Oxidation/reduction Reactions of molybdate ions in sodium sulfate at 1200 K

Cyclic voltammetric studies have been used to elucidate the electrochemical and coupled chemical reactions of solute molybdate ions on sodium sulfate at 1200 K in different melt basicities fixed by SO₂-O₂ atmospheres. The reaction mechanism was determined by use of the Nicholson and Shain diagnostic criteria in combination with the phase stability diagram. Within the regime of sodium sulfate stability, three reduction reactions occur. In a highly acidic melt, the reduction of molybdate ions (Mo in + 6 oxidation state) to Mo as + 4 is coupled to an irreversible chemical reaction whereby molybdenum dioxide precipitates.
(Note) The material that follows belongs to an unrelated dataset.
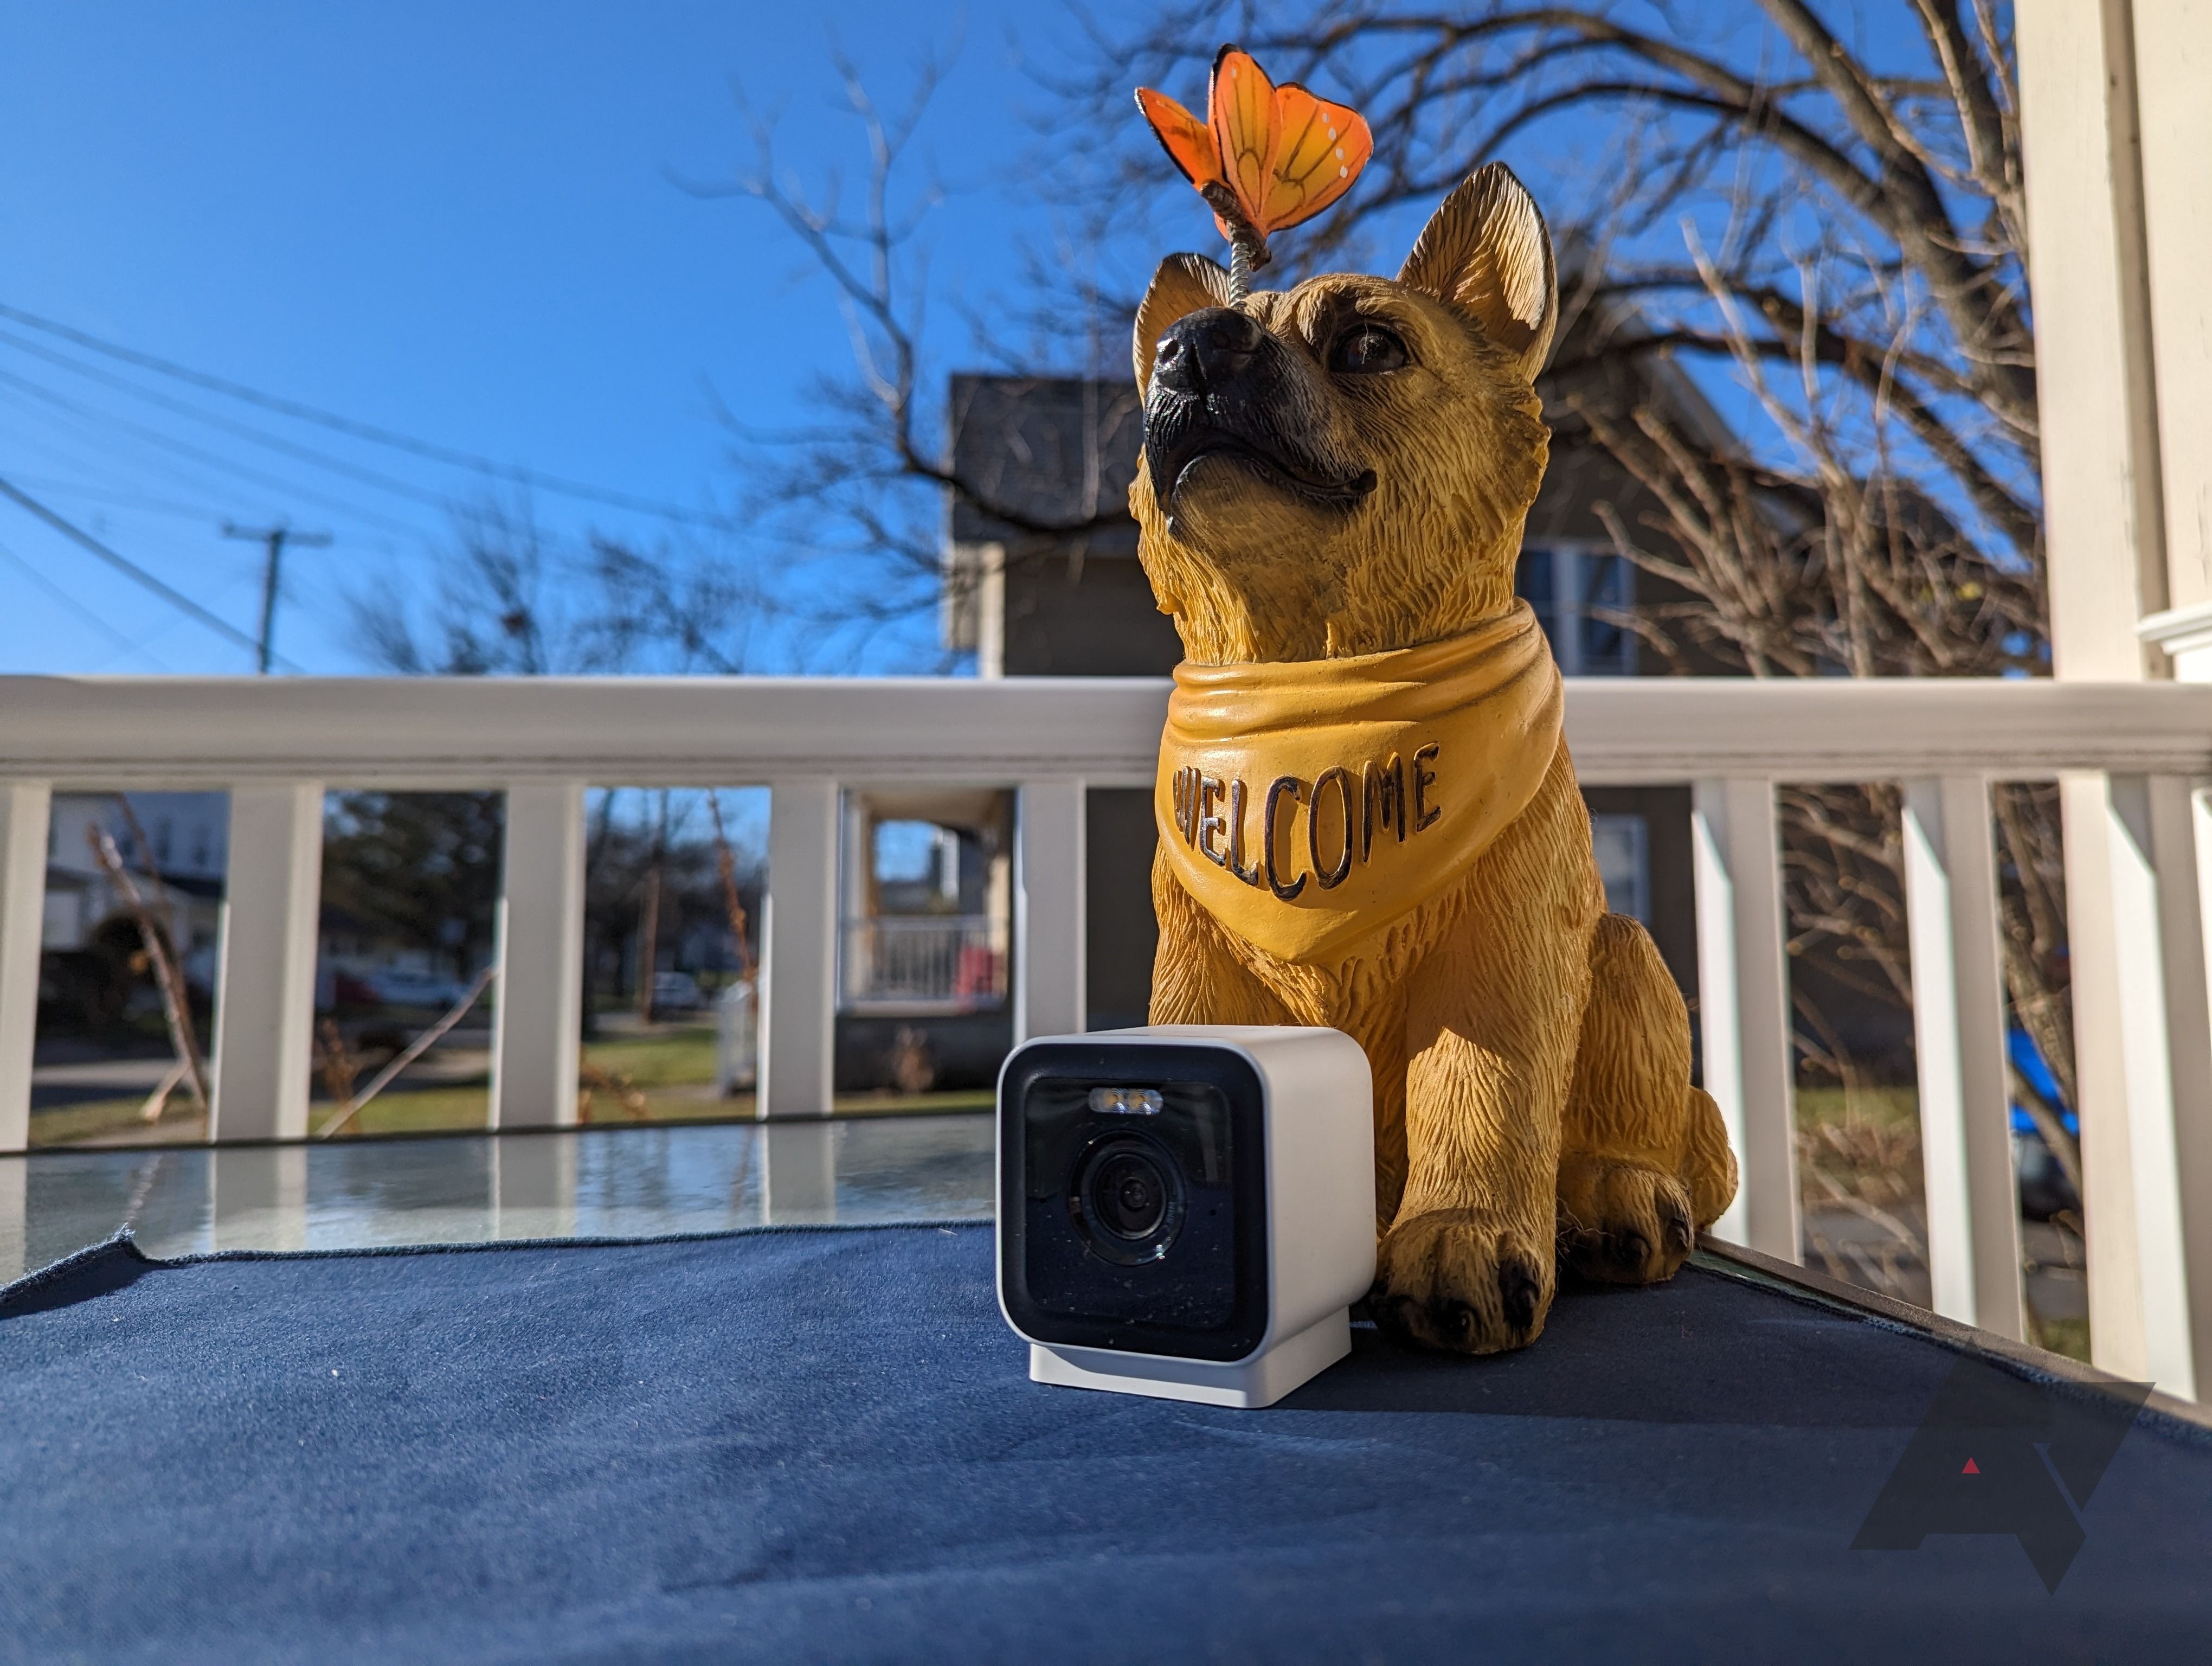 câmera de segurança colocada em tapete azul com estátua de cachorro ao ar livre

Molybdenum in oxidation state + 4 is reduced to Mo-(+2)-species which are immediately reoxidized to Mo-(+4)-species by an oxidizing agent in the melt, a so-called catalytic reaction. The reduction of Mo-(+2)-species to molybdenum follows in a very narrow potential range close to the previous reaction and has the same catalytic reaction mechanism. The reduction reactions are reversible. The reverse oxidation of molybdenum to the molybdate ion proceeds in three electron transfer steps.